Répartition de pression sur le drone pour un vol à haute vitesse, faible angle d'attaque et fort dérapage

La transition est illustrée sur les figures suivantes par l'intermédiaire de visualisations 3D. Une iso-surface du ratio entre viscosités turbulente et laminaire est utilisée afin de mettre en valeur à la fois le lieu de transition de la couche limite mais aussi le développement du sillage turbulent. La transition intervient à mi-corde sur l'extrados de la voilure tandis que l'intrados reste entièrement laminaire. La production de turbulence est aussi visible par les différents sillages au niveau des bouts d'ailes et du fuselage/hélice. L'iso-surface est ici colorée par le nombre de Mach, c'est à dire la vitesse de l'écoulement. L'angle de dérapage est en outre rendu bien visible par le non-alignement des différents sillages avec l'axe du drone.

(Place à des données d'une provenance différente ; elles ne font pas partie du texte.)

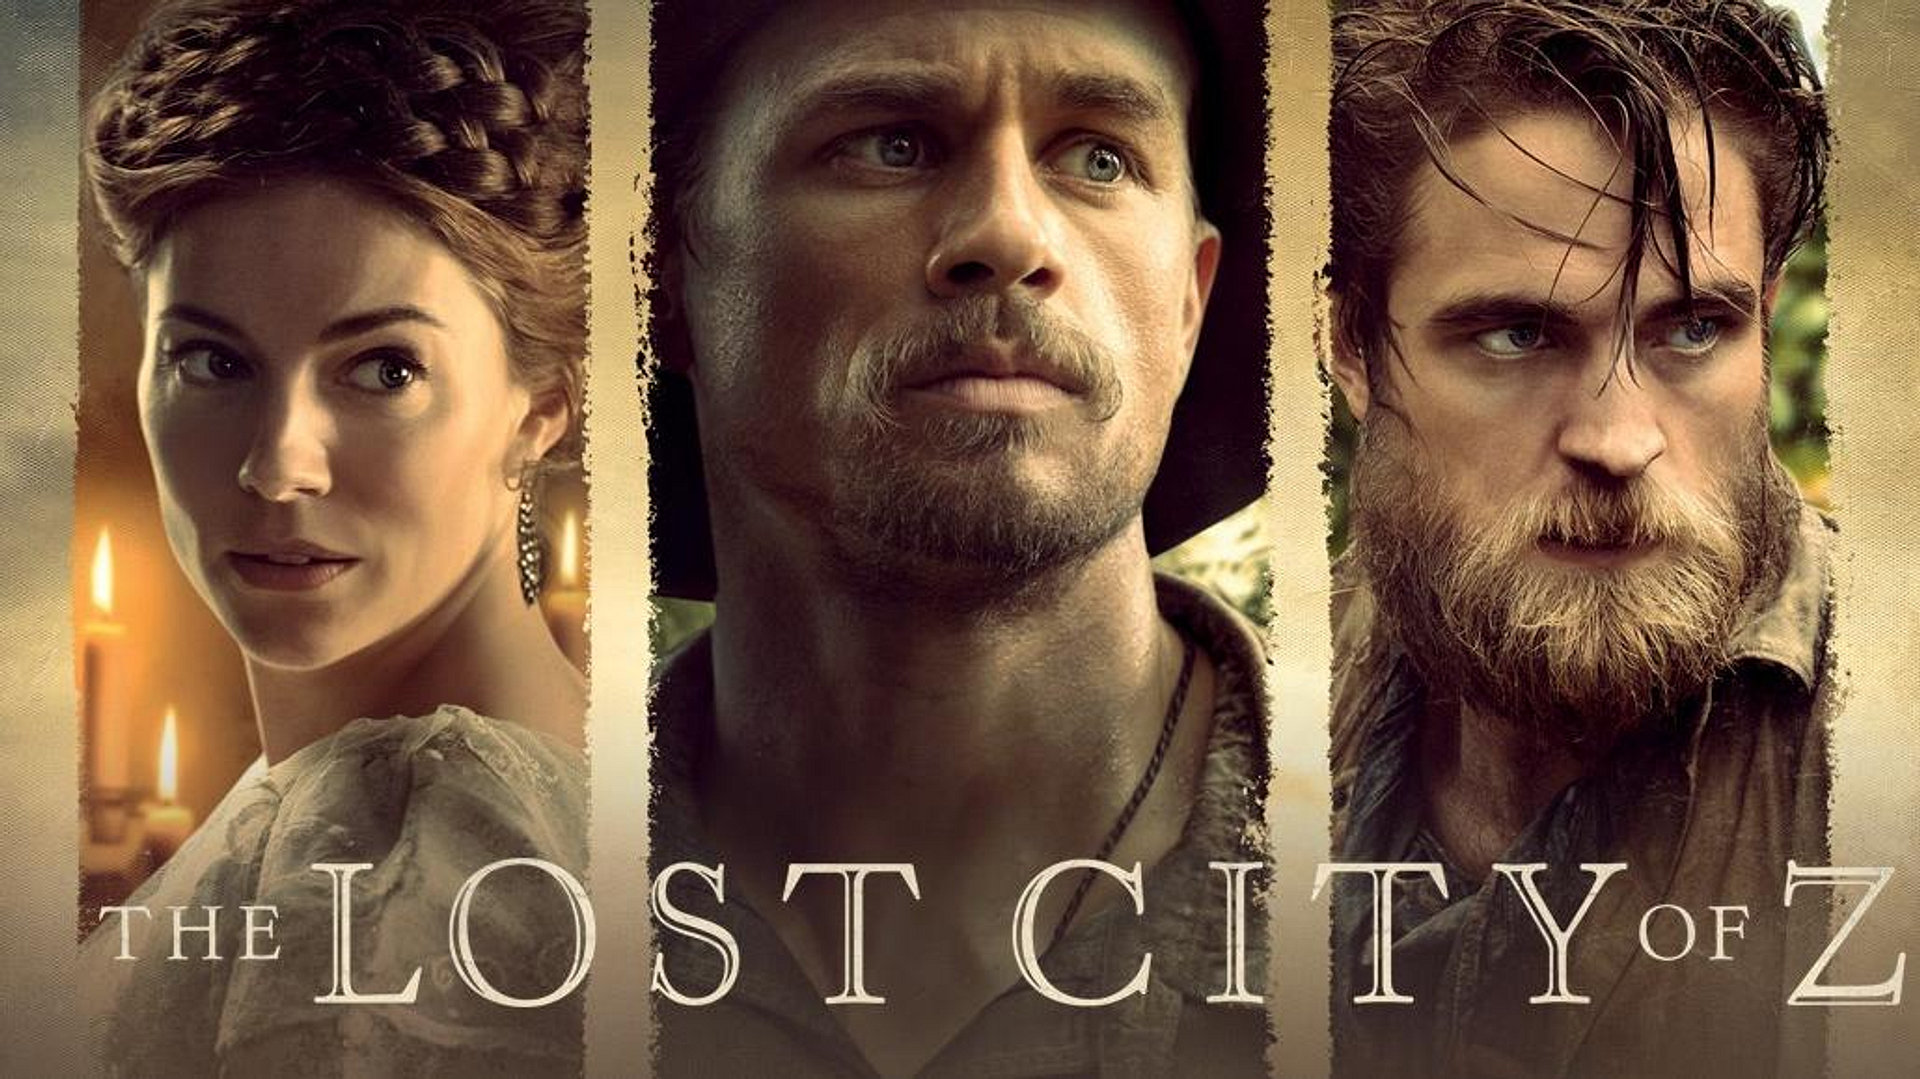 The Lost city of Z

Iso-surface de ratio entre les viscosités turbulente et laminaire colorée par le Mach

Enfin, les deux dernières figures présentent des coupes dans l'écoulement du ratio entre les viscosités turbulente et laminaire (gauche) et de l'énergie cinétique turbulente (droite). Elles mettent en évidence le développement des structures tourbillonnaires en aval du drone. Trois tourbillons principaux sont visibles :

  • Les tourbillons de bouts d'aile ou tourbillons marginaux très faibles dans ce cas malgré la présence de dérapage.

  • Le tourbillon dû à la présence du fuselage et de l'hélice (même si la rotation de cette dernière a été négligée).

  • Le tourbillon dû à la dérive ventrale et à l'angle de dérapage que l'on voit se développer sous le tourbillon du fuselage avant de fusionner plus en aval.

Coupes colorées par le ratio entre les viscosités turbulente et laminaire (gauche) et par l'énergie cinétique turbulente (droite)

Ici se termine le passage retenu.